We are experiencing a crash of all galera nodes receiving write sets. The operation is a "last resort" clean up stored procedure, that deletes many rows from the same set of related tables. It generally takes 4-5 minutes to run based on our data size, but is crashing within 10-20 seconds if it is going to go wrong.
We have been using this stored procedure, reasonably regularly, without problem on 10.1 for several years. As suggested by Enterprise support, I have also tried this on the latest 10.4 build, which they provided me with a URL to. This also exhibits the problem.

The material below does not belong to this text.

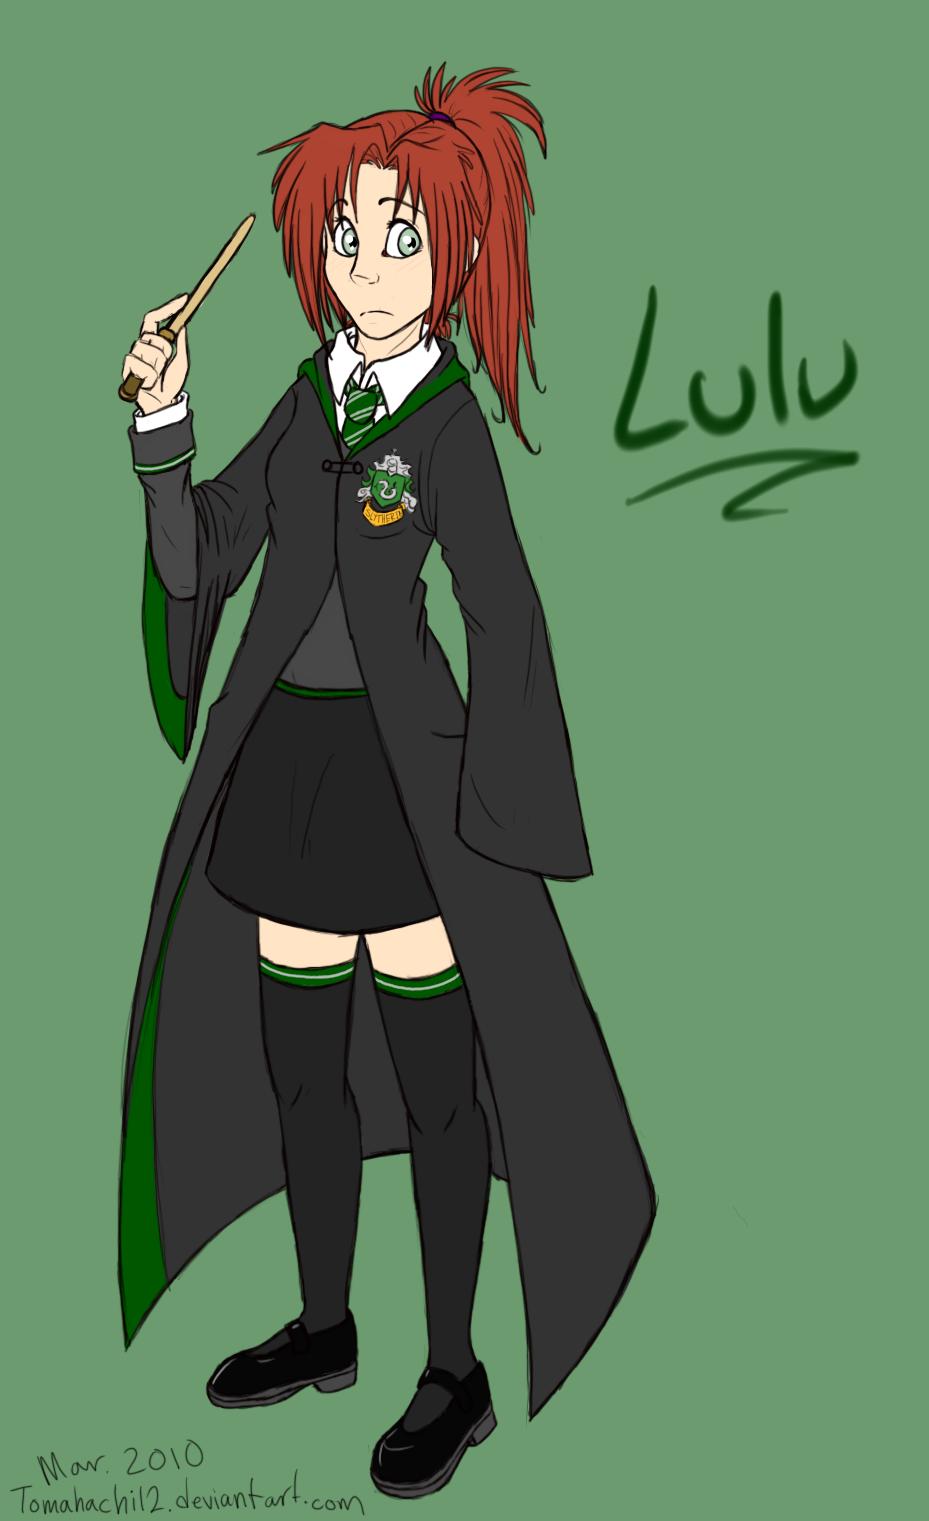 Harry Potter OC: Lulu by tomahachi12 on DeviantArt

Unfortunately, I have been unable to replicate either simplified reproduction steps, or from a different system of ours. However, I have been able to take a "mariabackup" i.e. physical backup, and reproduce the fault on 2 other clusters. The original, and first replication were on VMware machines. The third system, is an AWS EC2 setup. All 3 have the same MariaDB configuration. I suspect the problem is exposed due to the particular on disk data.
Attached is the log of one of the nodes receiving the writeset.
First round of testing, I found that autocommit needs to be ON.
Due to suspecting the data, and knowing that our QA team were trying to delete rows - I started my test again and used "OPTIMIZE TABLE" on the tables that are touched. This caused
to appear in the log, at an unusual point in the crash logging.
Because of finding that info, I have now set wsrep_slave_thread = 1, and this completes successfully. Previously the value was 12. I have also tested = 4, which also crashed.
Therefore with this additional knowledge, I am presuming that something in Galera is presuming it can apply certain writesets in parallel when it cannot.